__Your assignment__
Please print, exactly as written, the line containing "Plancher de la" and each line after it through the end of the material; pictures stay out.

__Data section__
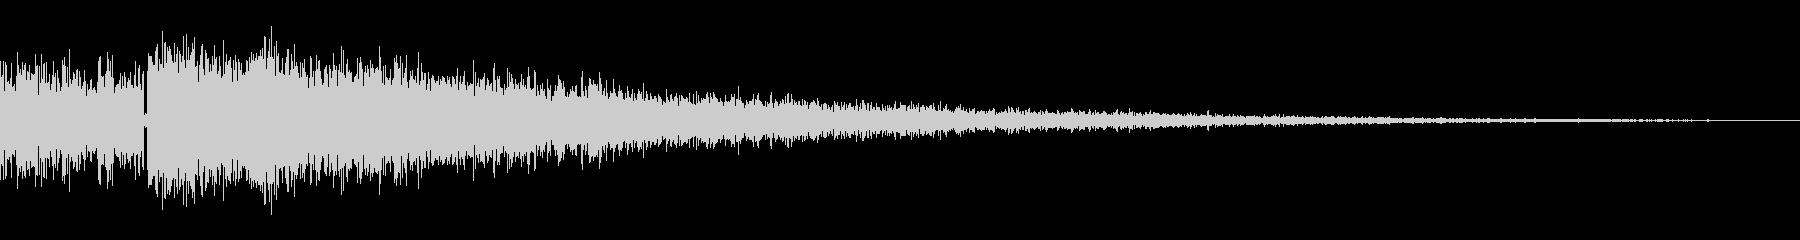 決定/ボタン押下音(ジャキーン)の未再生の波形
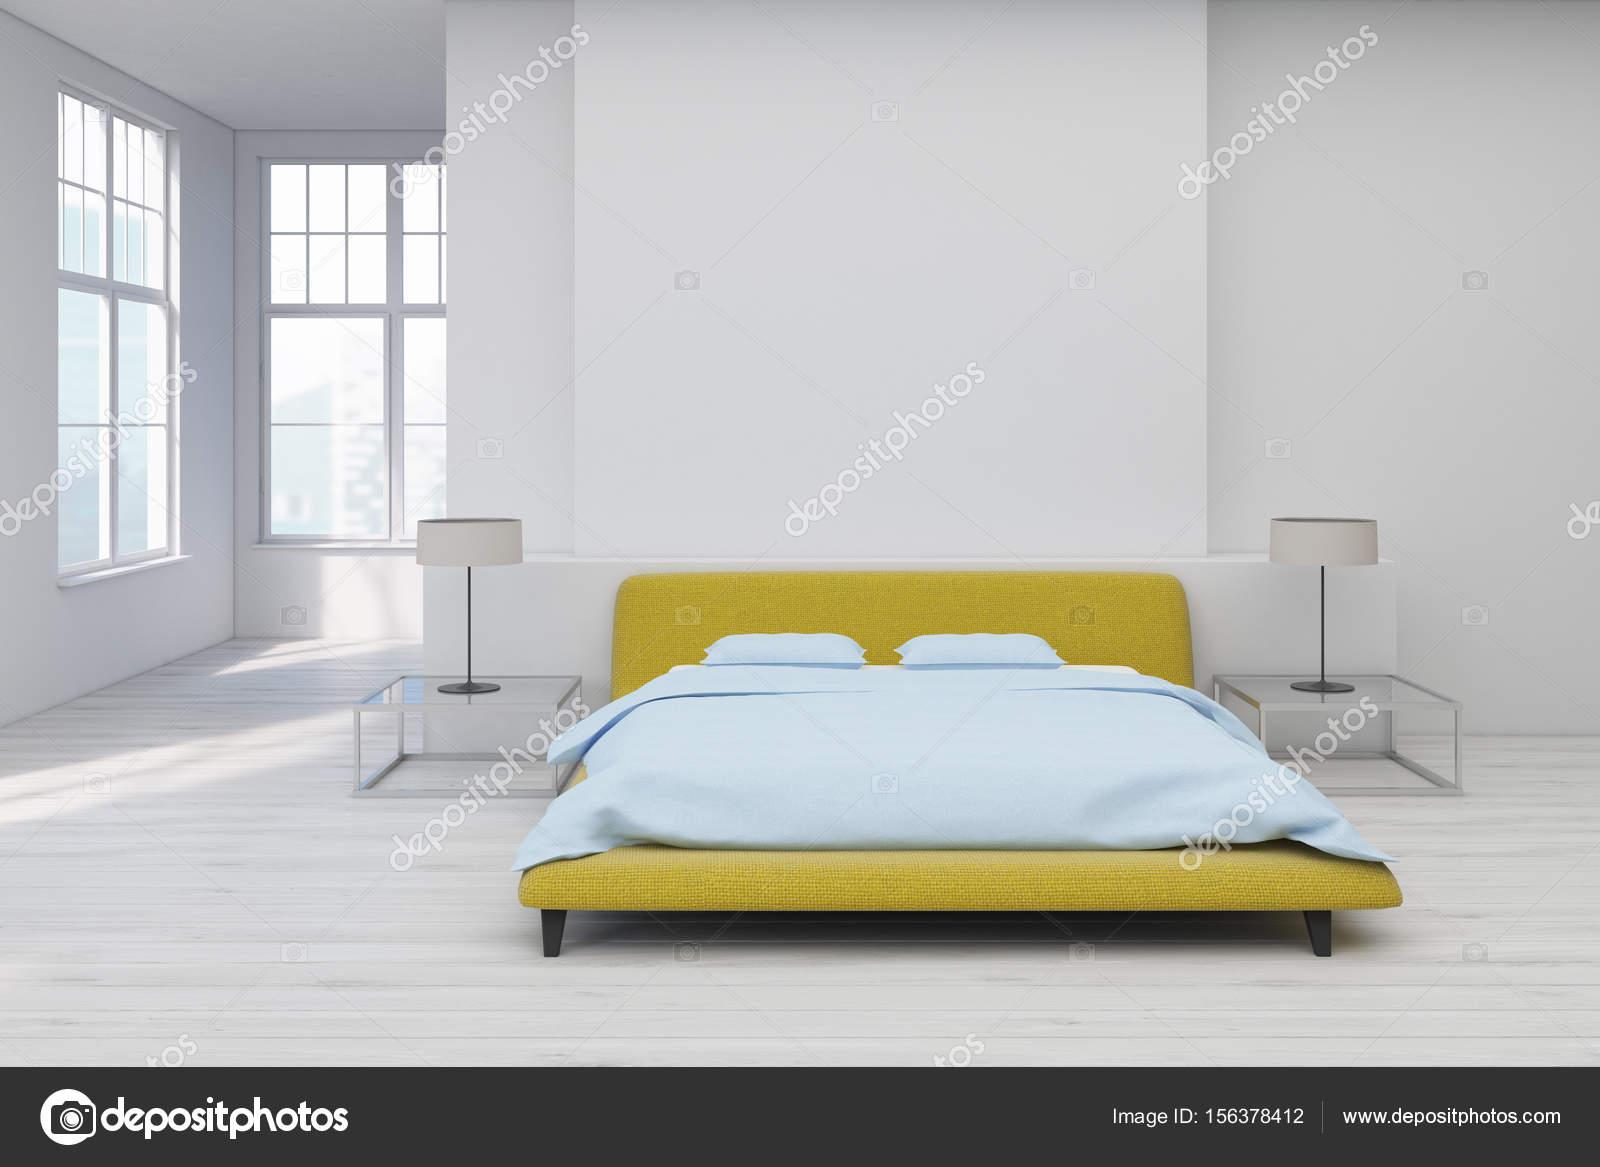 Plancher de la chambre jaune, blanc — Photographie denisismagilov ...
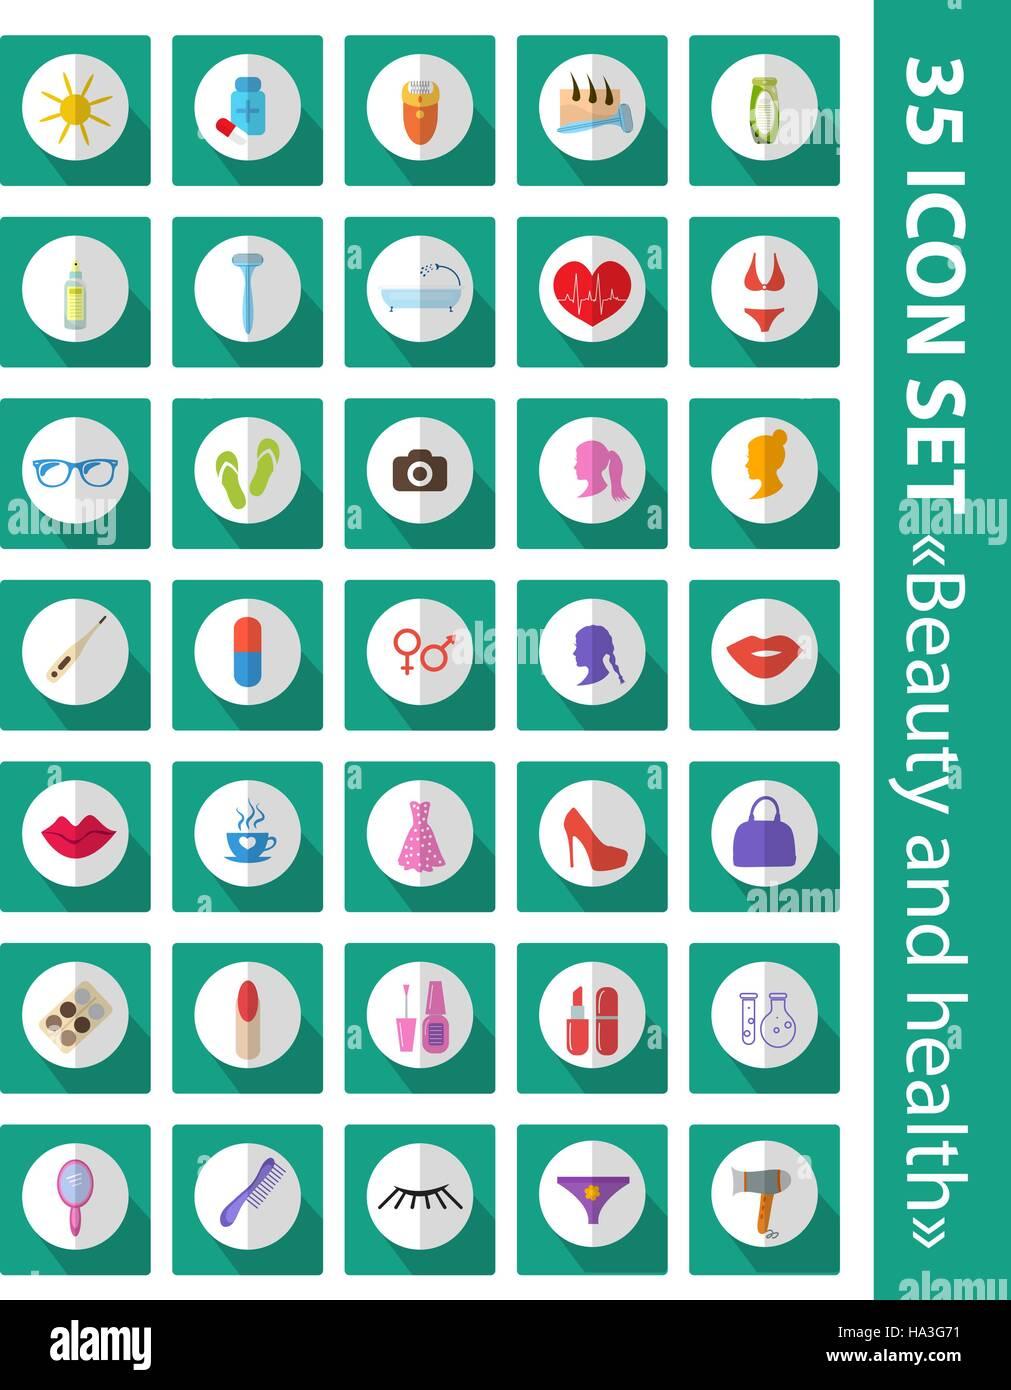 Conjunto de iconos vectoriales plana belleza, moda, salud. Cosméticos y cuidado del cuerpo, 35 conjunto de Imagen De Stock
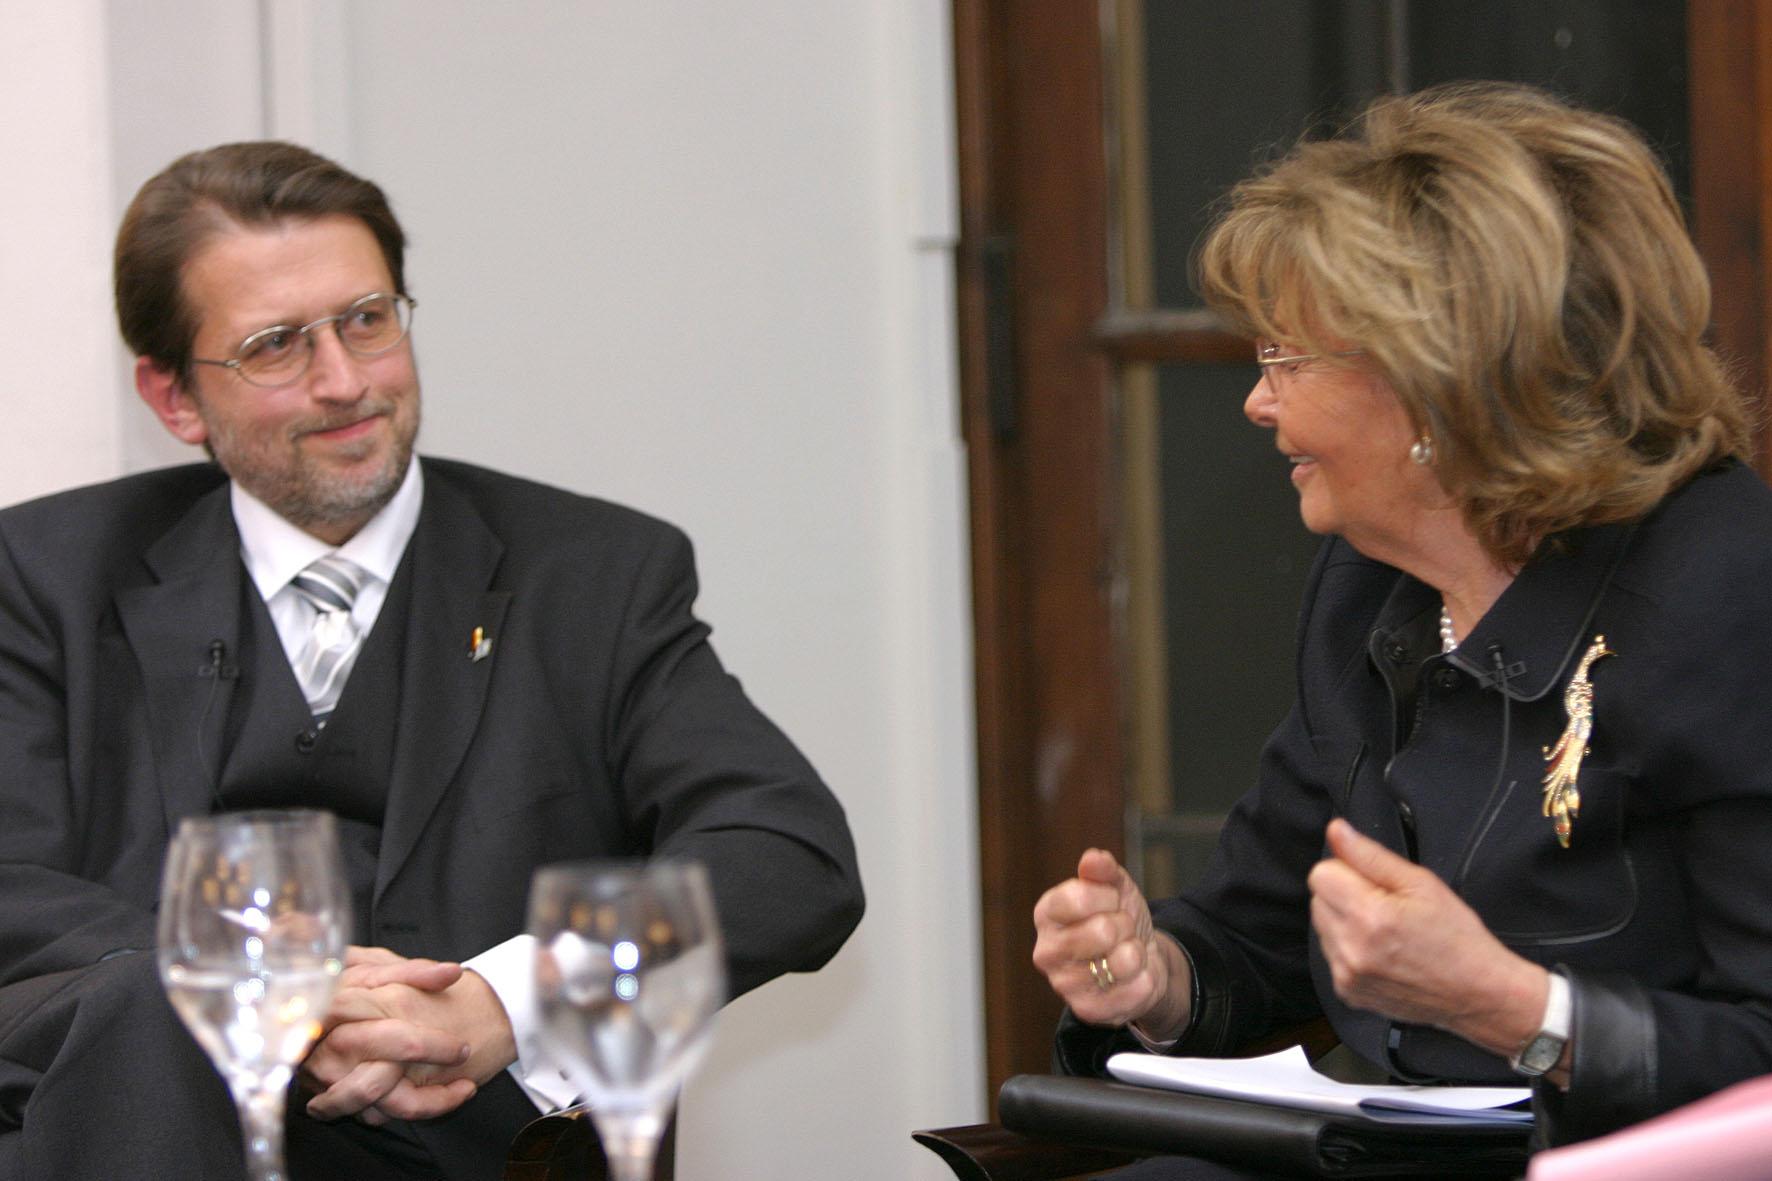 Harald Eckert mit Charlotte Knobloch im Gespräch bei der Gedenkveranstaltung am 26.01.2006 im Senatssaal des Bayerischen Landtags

__Expected output__
 Plancher de la chambre jaune, blanc — Photographie denisismagilov ...
 Conjunto de iconos vectoriales plana belleza, moda, salud. Cosméticos y cuidado del cuerpo, 35 conjunto de Imagen De Stock
 Harald Eckert mit Charlotte Knobloch im Gespräch bei der Gedenkveranstaltung am 26.01.2006 im Senatssaal des Bayerischen Landtags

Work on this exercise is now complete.